DETAILED DESCRIPTION OF ILLUSTRATIVE EMBODIMENTS
[0018] The making and using of the presently preferred embodiments
are discussed in detail below. It should be appreciated, however,
that the present invention provides many applicable inventive
concepts that can be embodied in a wide variety of specific
contexts. The specific embodiments discussed are merely
illustrative of specific ways to make and use the invention, and do
not limit the scope of the invention.
[0019] The present invention will be described with respect to
preferred embodiments in a specific context, namely a dynamic
random access memory (DRAM) array with a gate-controlled switch
employed as memory cell that can be scaled on the order of support
circuitry, such as transistors used as switches and sense
amplifiers, to facilitate the continued increase in the density of
the DRAM array, with the memory cell being a gate turn-off (GTO)
thyristor. However, the present invention can be applied to other
types of thyristors, such as a MOS-controlled thyristor (MCT), a
MOS-gated thyristor, a field-controlled thyristor (FCT), an
emitter-switched thyristor (EST), an insulated gate turn-off
thyristor (IGTT), an insulated gate thyristor (IGT), a
gate-commutated thyristor (GCT), an integrated gate-command
thyristor (IGCT), a base resistance controlled thyristor (BRT), and
so forth.
[0020] A thyristor is a solid-state semiconductor device that is
similar to a diode. However, a thyristor has an additional control
terminal, a gate terminal, that can be used to control the
conduction of the thyristor. A thyristor will turn one when a
current is provided at the gate terminal and once the thyristor is
turned on, the thyristor will remain in the on state as long as it
remains forward biased. Thyristors are considered to be well
understood by those of ordinary skill in the art of the present
invention.
[0021] With reference now to FIGS. 2a and 2b, there are shown
diagrams illustrating a physical structure of a GTO 200 and an
equivalent circuit model of the GTO 200. The diagram shown in FIG.
2a illustrates the structure of the GTO 200. The GTO 200 includes
three terminals (an anode terminal, a cathode terminal, and a gate
terminal) and four different layers of semiconductor material.
Starting at the anode terminal, a first layer 205 can be made from
a first P-doped semiconductor material. Adjacent to the first layer
205 is a second layer 210 made from a first N-doped semiconductor
material. Completing the GTO 200 is a third layer 215 made from a
second P-doped semiconductor material and a fourth layer 220 made
from a second N-doped semiconductor material. The cathode terminal
is coupled to the fourth layer 220 while the gate terminal is
coupled to the third layer 215.
[0022] Dopant concentration of the first layer 205, the second
layer 210, the third layer 215, and the fourth layer 220 can differ
depending upon desired performance characteristics of the GTO 200.
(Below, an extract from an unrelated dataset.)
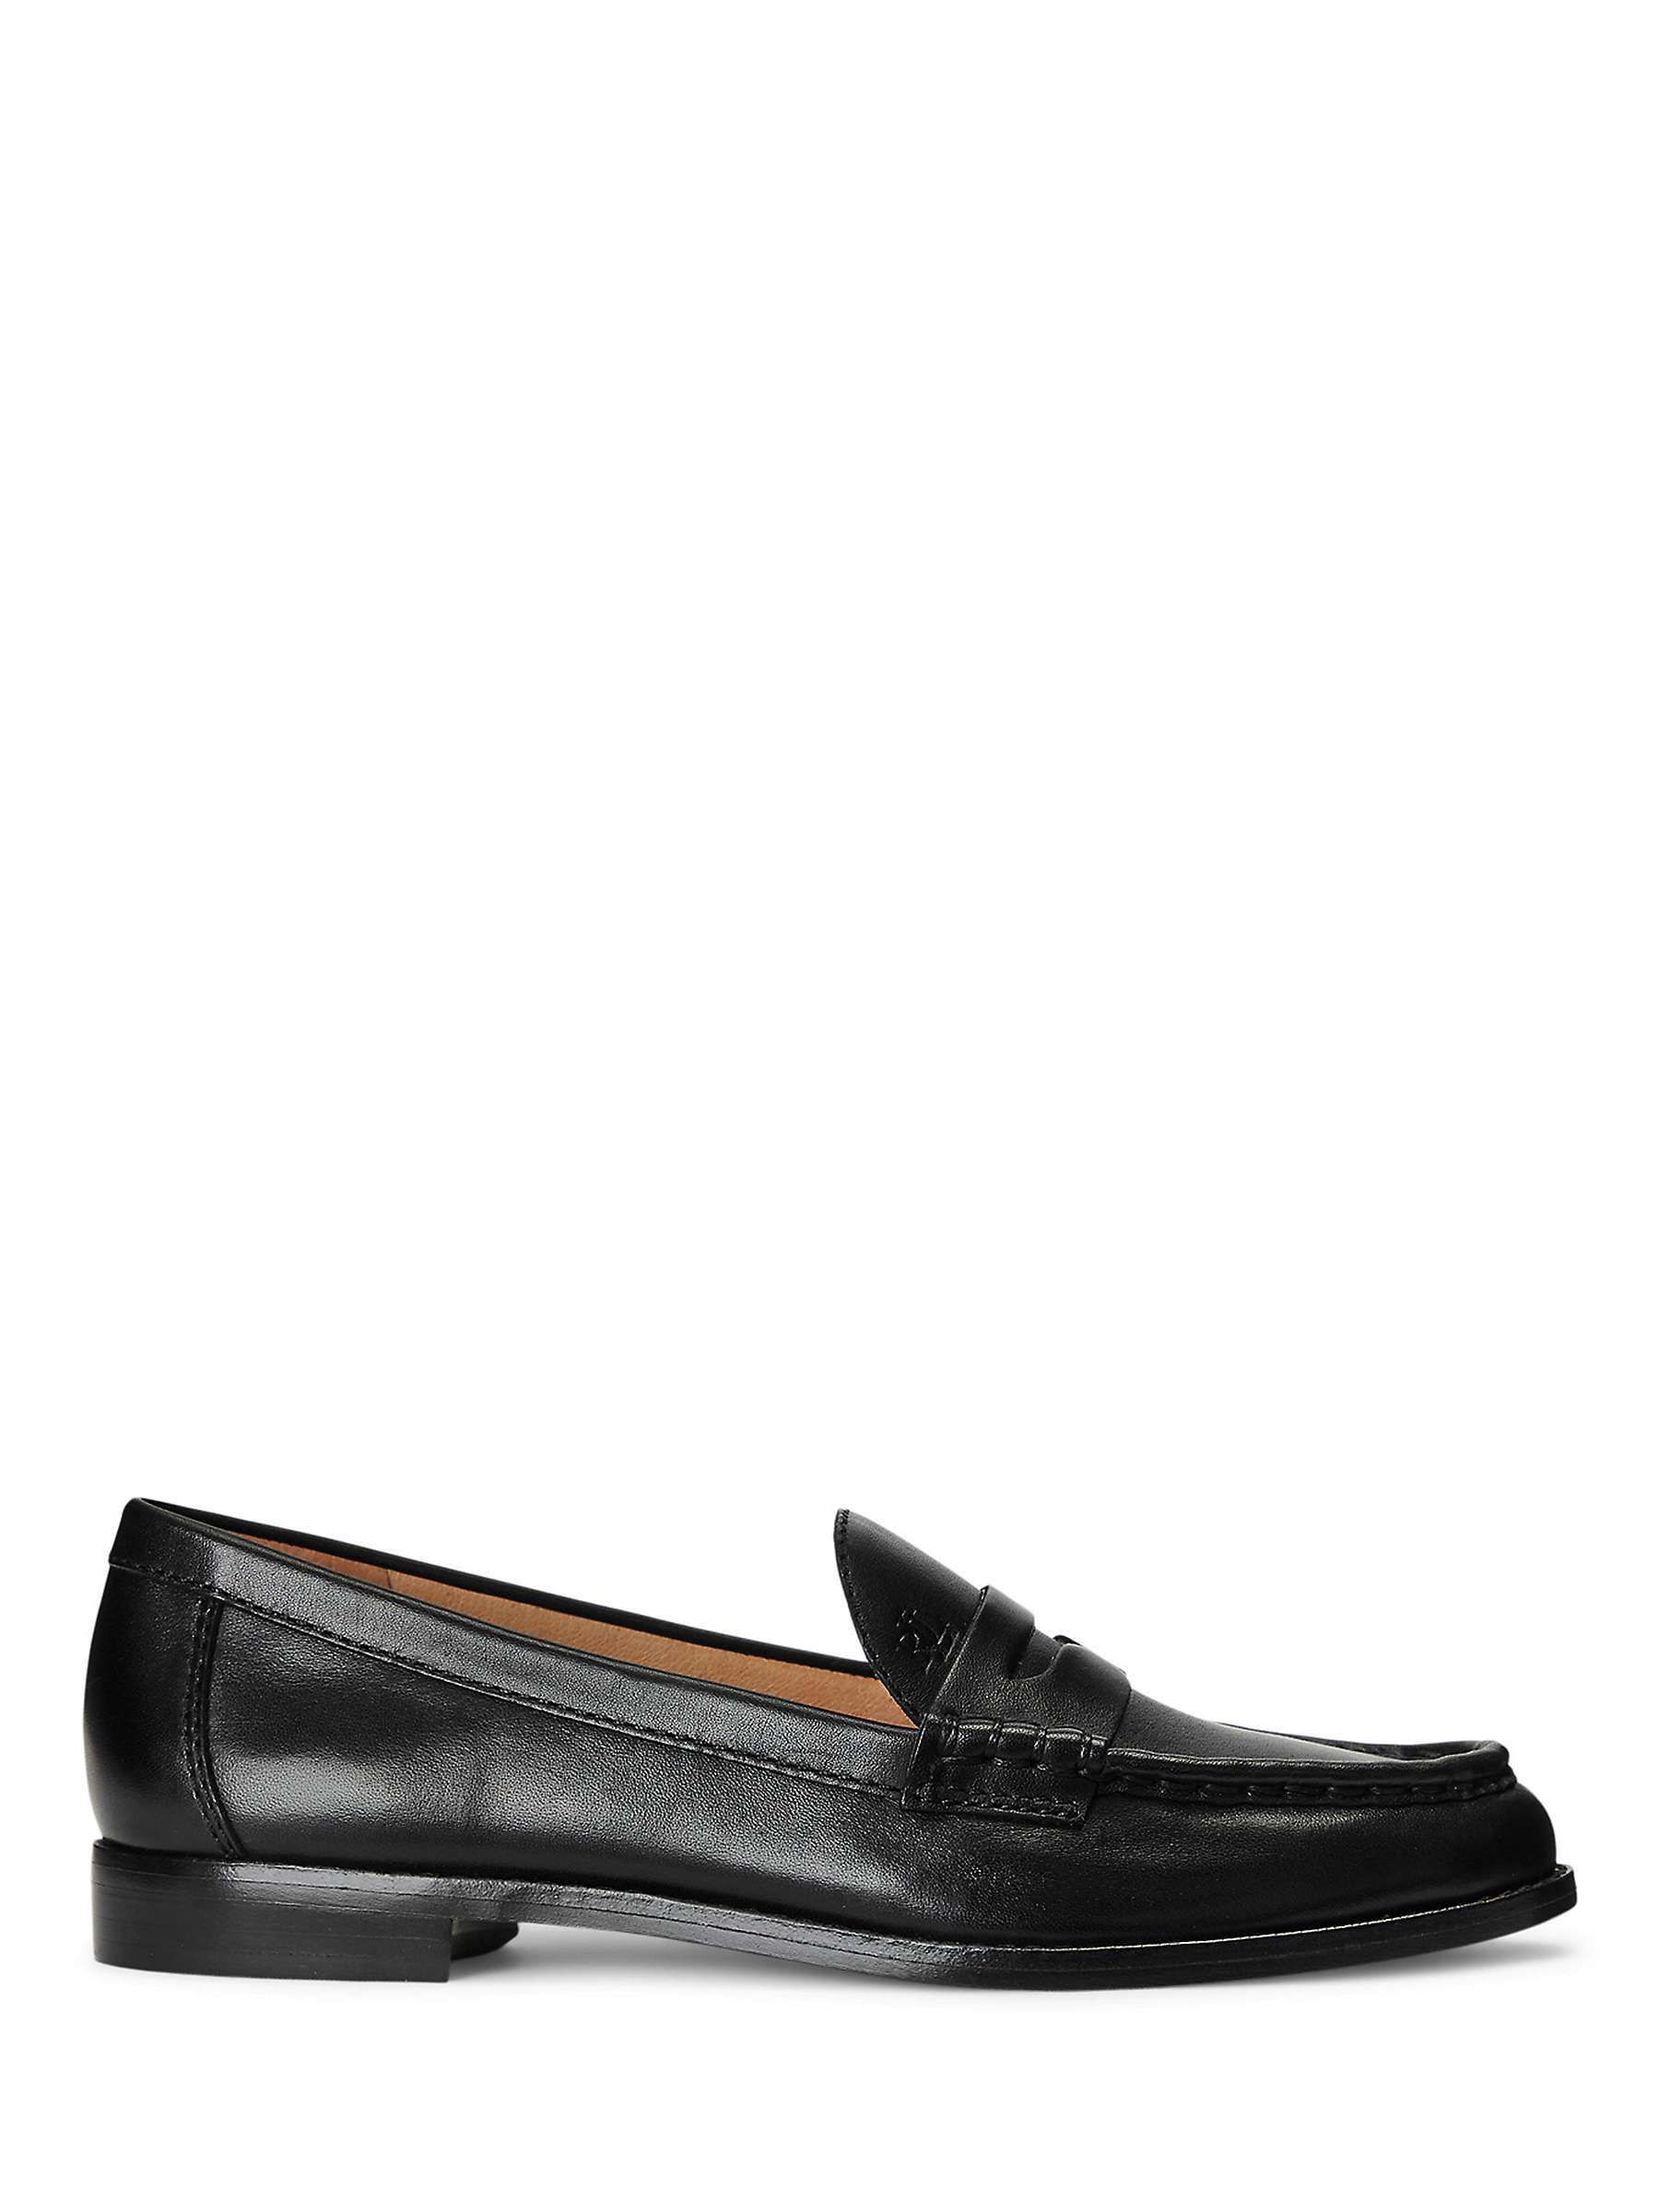 Lauren Ralph Lauren Winnie Leather Loafers, Black at John Lewis & Partners

For example, the dopant concentration of the first layer 205 can be
greater than the dopant concentration of the third layer 215 and
the dopant concentration of the second layer 210 can be less than
the dopant concentration of the fourth layer 220. A junction J1 is
formed between the first layer 205 and the second layer 210, a
junction J2 is formed between the second layer 210 and the third
layer 215, and a junction J3 is formed between the third layer 215
and the fourth layer 220.
[0023] The diagram shown in FIG. 2b illustrates an equivalent
circuit model 260 of the GTO 200. The first layer 205, the second
layer 210, and the third layer 215 form a PNP transistor, shown as
a PNP transistor 265, while the second layer 210, the third layer
215, and the fourth layer 220 form a NPN transistor, shown as an
NPN transistor 270. The anode terminal of the GTO 200 is coupled to
an emitter terminal of the PNP transistor 265 and the cathode
terminal of the GTO 200 is coupled to an emitter terminal of the
NPN transistor 270. The PNP transistor 265 and the NPN transistor
270 are cross coupled, with a collector terminal of the PNP
transistor 265 and a base terminal of the NPN transistor 270 while
a base terminal of the PNP transistor 265 is coupled to a collector
terminal of the NPN transistor 270. The base terminal of the GTO
200 is also coupled to the collector terminal of the PNP transistor
265 and the base terminal of the NPN transistor 270.
[0024] With reference now to FIGS. 3a through 3c, there are shown
diagrams illustrating a GTO 200 turn ON sequence. The GTO 200 can
have two stable states, an ON state and an OFF state. The state of
the GTO 200 is determined by a current (I.sub.G) provided via the
gate terminal of the GTO 200. When the current (I.sub.G) is
injected into the GTO 200 from the gate terminal to the cathode
terminal (FIG. 3a), the NPN transistor 270 is turned ON and a
collector current (IcNpN) through the NPN transistor 270 will flow
from the anode terminal of the GTO 200 through the junction J1
(FIG. 3b). Since the junction J1 is the emitter junction of the PNP
transistor 265, the collector current (ICPNP) of the PNP transistor
265 is the base current of the NPN transistor 270 (FIG. 3c).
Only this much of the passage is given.